The EGTRRA made changes to both the stated and unstated tax rates contained in the Code. Two changes have been made to the tax brackets for individuals. First, a new 10% bracket is effective immediately; second, a rate reduction is phased in over seven years.

Under EGTRRA Section 801, for tax years beginning after 2000, a 10% bracket is created for the following amounts of taxable income: $6,000 single or married filing separately (MFS), $12,000 married filing jointly (MFJ) and $10,000 head of household (HOH). These amounts rise to $7,000 single and MFS and $14,000 MFJ in 2008; the $10,000 HOH amount does not change. However, all of these amounts are adjusted annually for inflation beginning in 2009 (using 2007 as the base year).

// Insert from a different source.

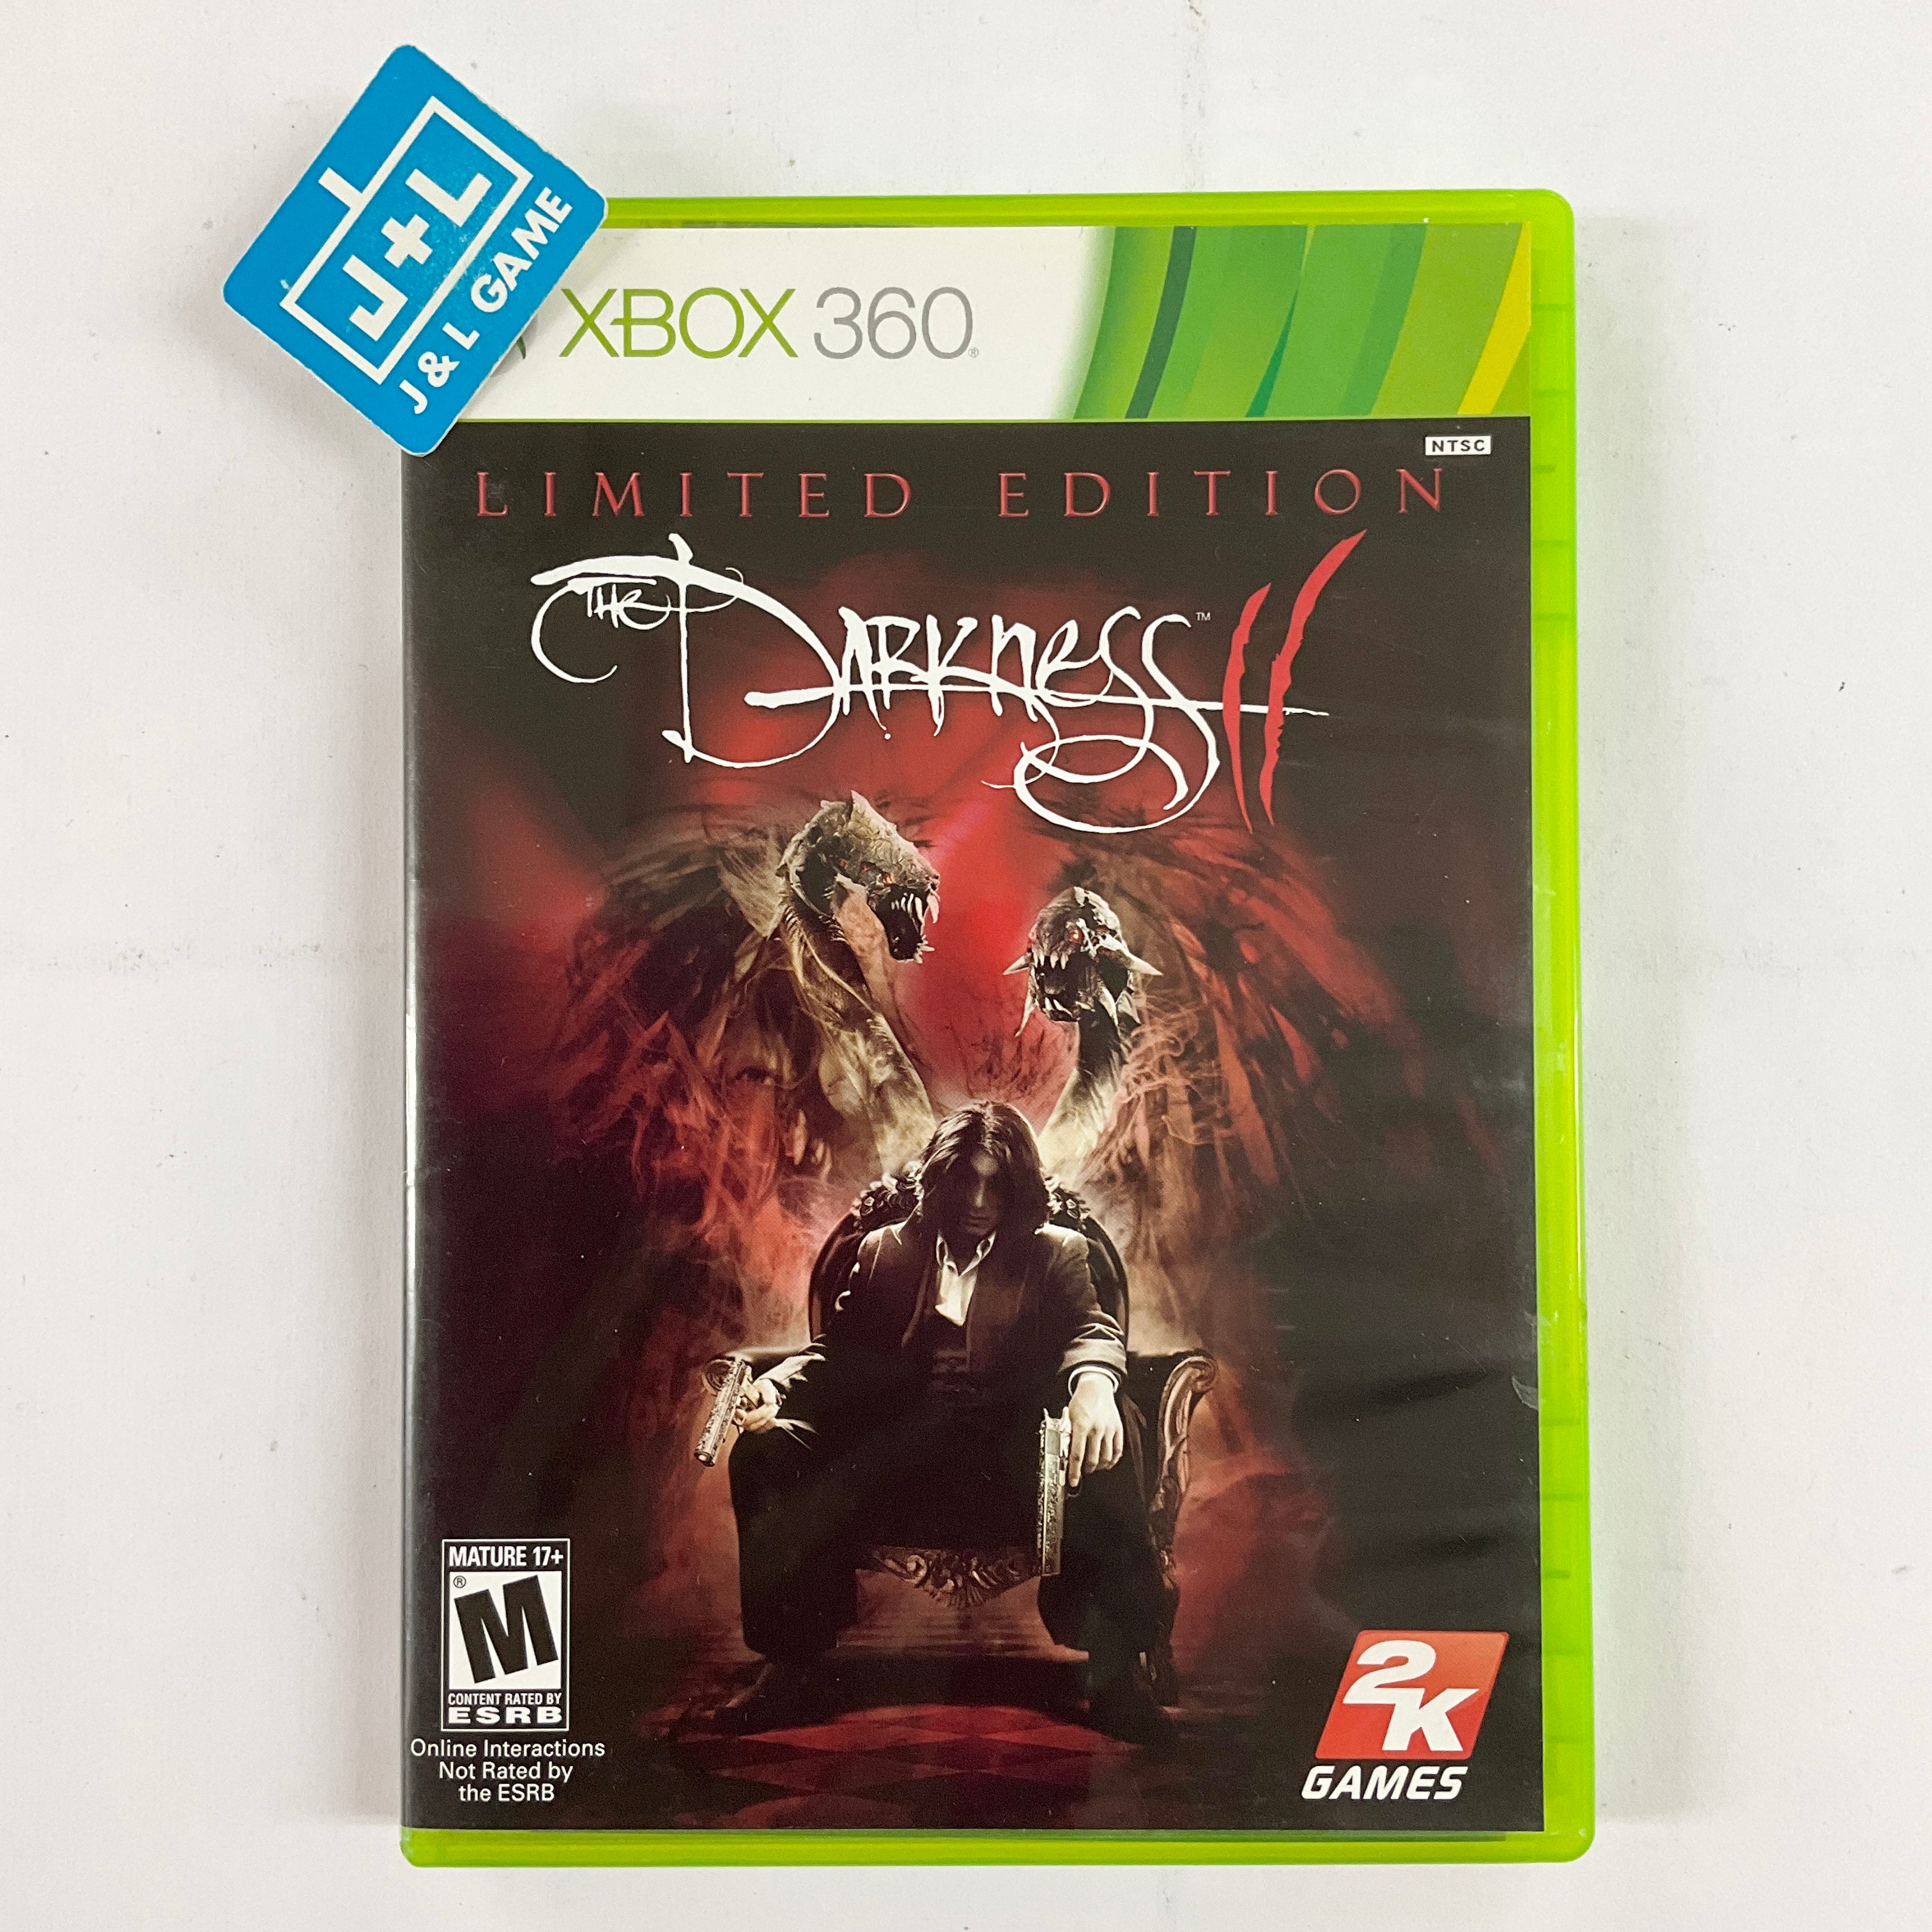 The Darkness II Limited Edition - Xbox 360 [Pre-Owned] Video Games 2K Games   
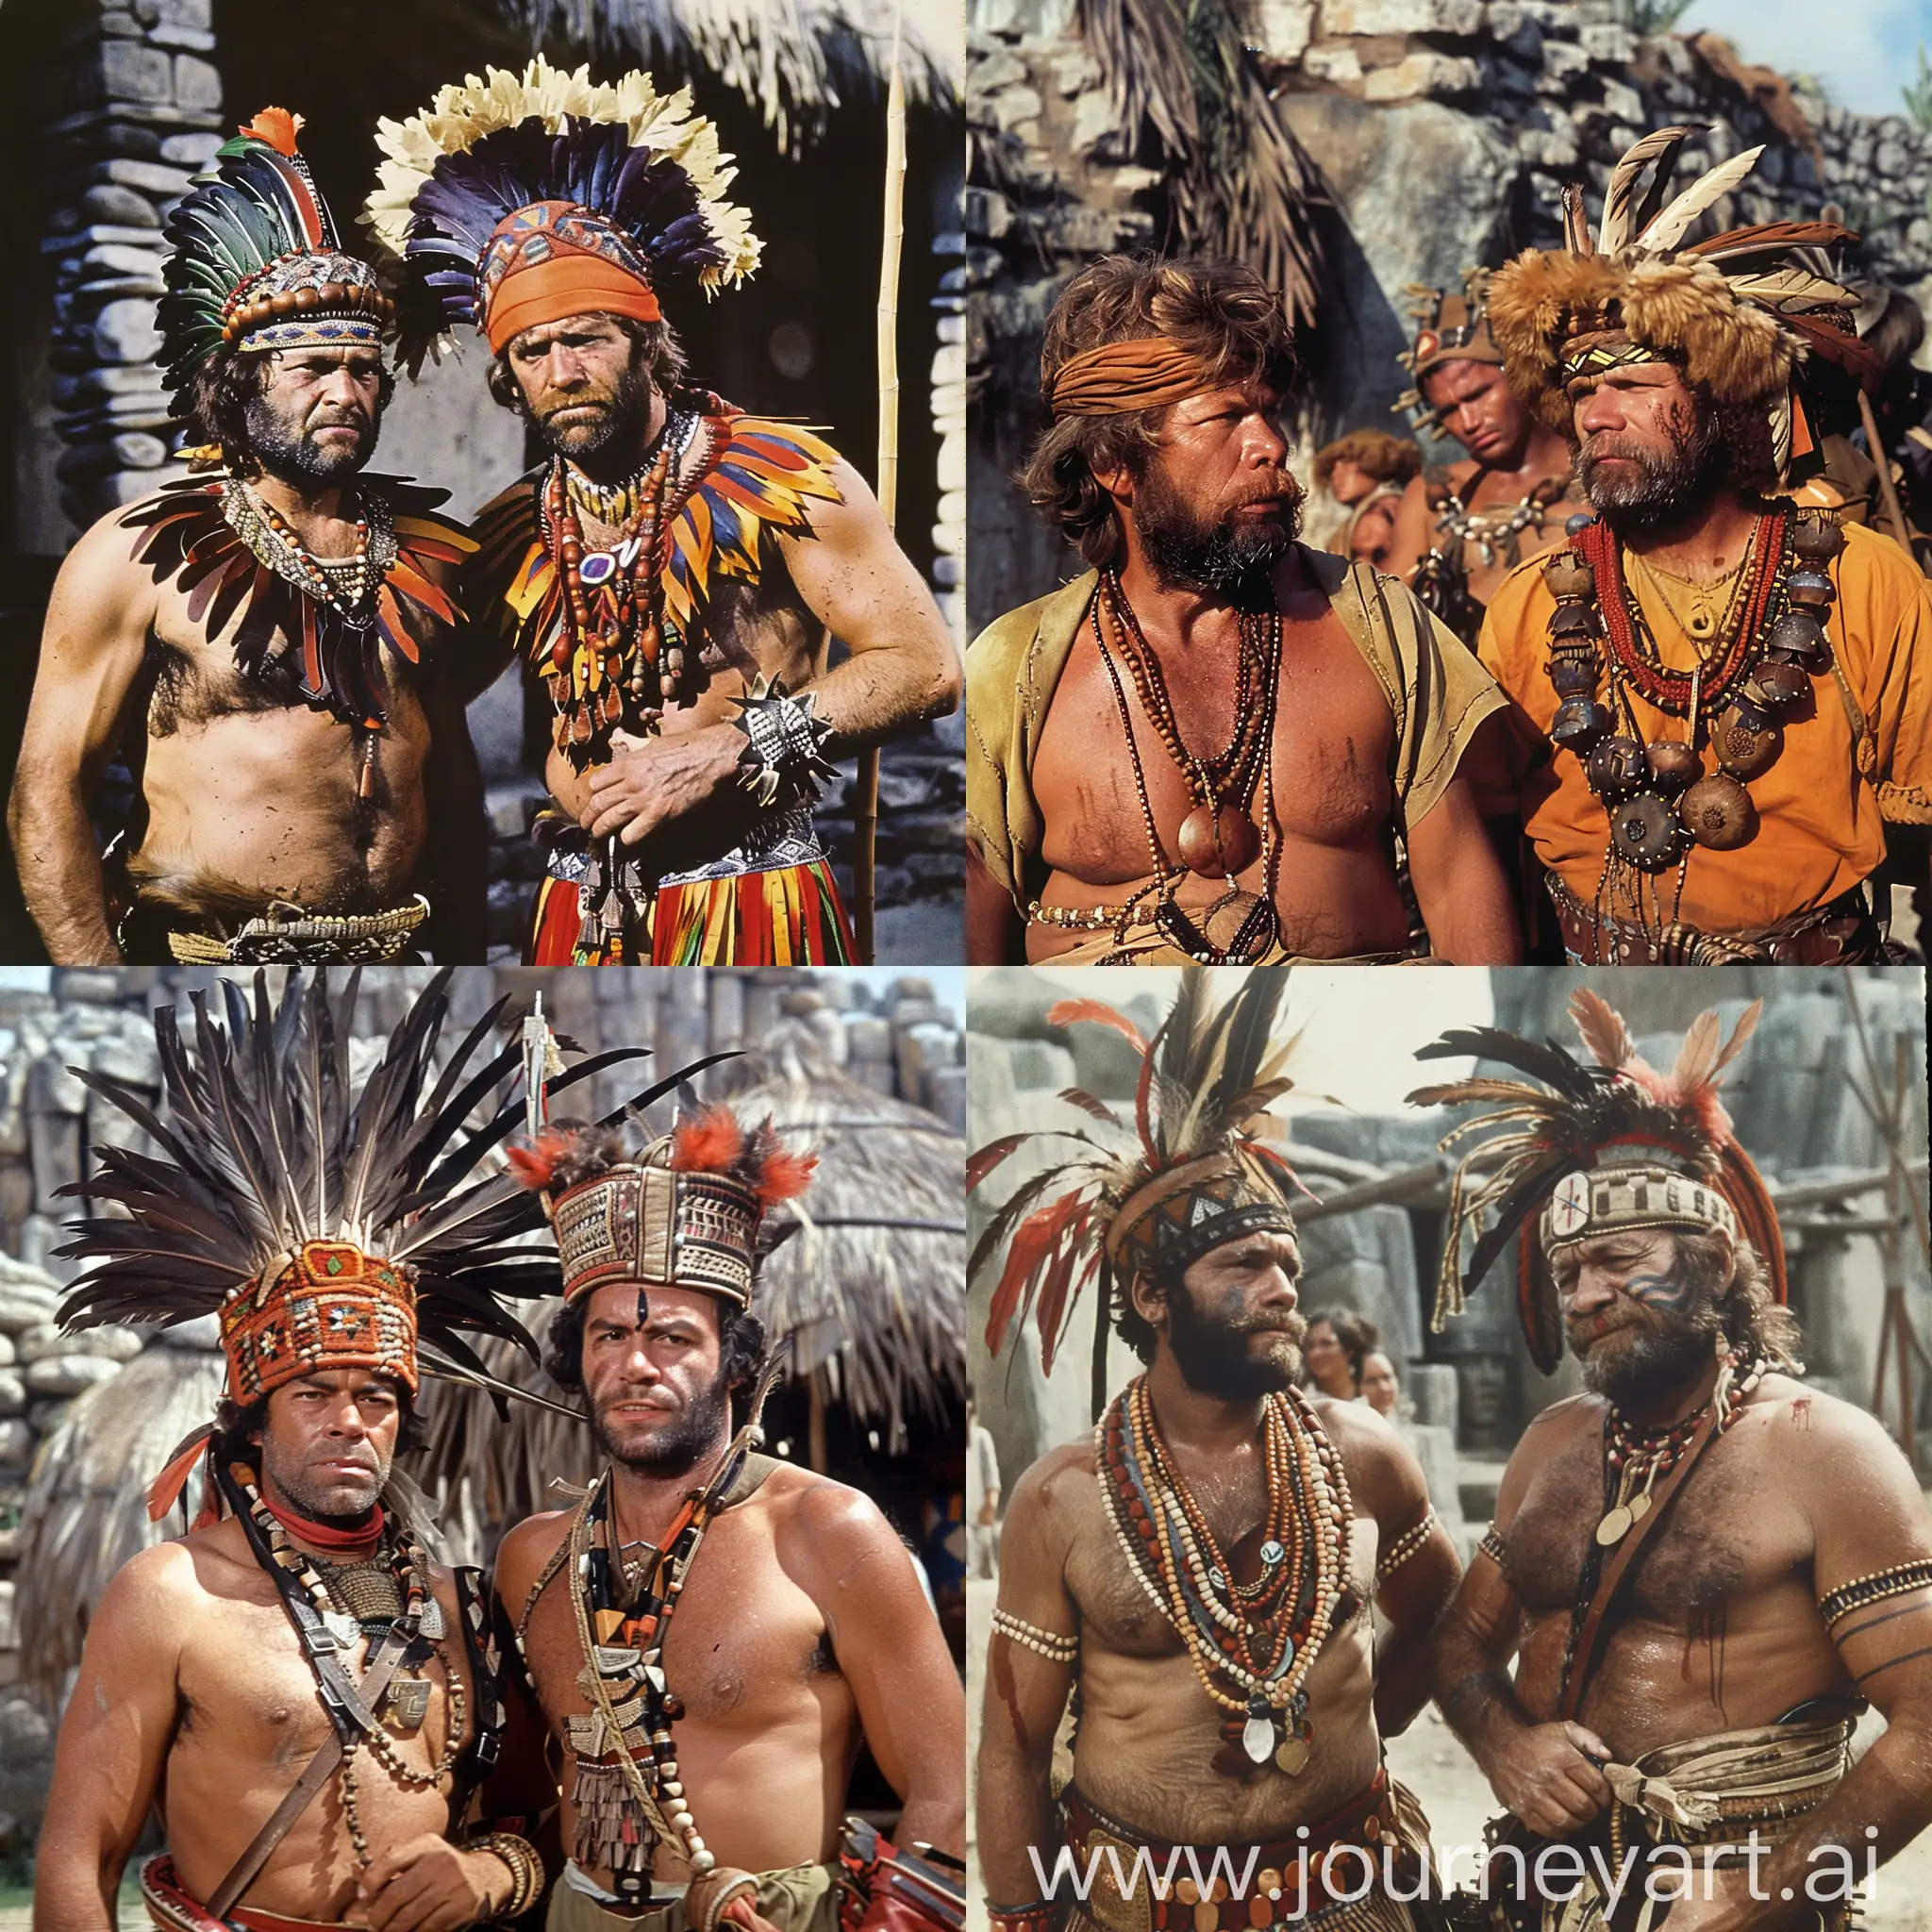 bud Spencer and Terence Hill as Aztec peasants

For 2001, the rate reduction from 15% to 10% is accelerated through the use of a credit. In lieu of a 2001 rate reduction, an individual (other than one who can be claimed as a dependent on another's return) is allowed a five percent credit of the income otherwise subject to the 10% rate. The credit is limited to the sum of the regular tax and AMT, reduced by nonrefundable personal credits and the foreign tax credit. The IRS will send an estimate of the credit (rebate) to taxpayers who filed timely via check in summer and fall 2001; taxpayers with extended or late-filed returns will receive their check later.(1) However, no rebate checks will be mailed after 2001.

The maximum check amount should be $300 if single, $500 if HOH and $600 if MFJ. However, if the refund (computed using 2000 data) is less than the actual credit computed using 2001 data, the taxpayer is entitled to an additional credit for the difference. If the rebate exceeds the otherwise allowable credit, that excess need not be returned to the IRS.

Example: X, a single individual not a dependent, is entitled to a $300 rebate. However, if X has no taxable income in 2001, his computed credit for 2001 is zero. X does not have to return the $300.

The 28%, 31% and 36% tax brackets are reduced by 0.5% in 2001, by another 0.5% in 2002, and by 1% in both 2004 and 2006. The 39.6% bracket is reduced by 0.5% in each of 2001 and 2002 and by another 1% in 2004; this bracket is further reduced by 2.6% in 2006. The rates decline as depicted in Exhibit 1.

Exhibit 1: New individual rate reductions Tax years 28% 31% 36% 39.6% beginning in: bracket bracket bracket bracket 2001 27.5% 30.5% 35.5% 39.1% 2002 and 2003 27% 30% 35% 38.6% 2004 and 2005 26% 29% 34% 37.6% 2006 and later 25% 28% 33% 35% Personal Exemption Phaseout Repeal

Under current law, personal exemptions are phased out by two percent for each $2,500 ($1,250 if MFS) by which adjusted gross income (AGI) exceeds a threshold. For 2001, a couple MFJ begins to lose the benefit of personal exemptions at $199,450 of AGI ($132,950 single, $166,200 HOH, $99,725 MFS). The benefit of exemptions is totally lost at $321,950 if MFJ.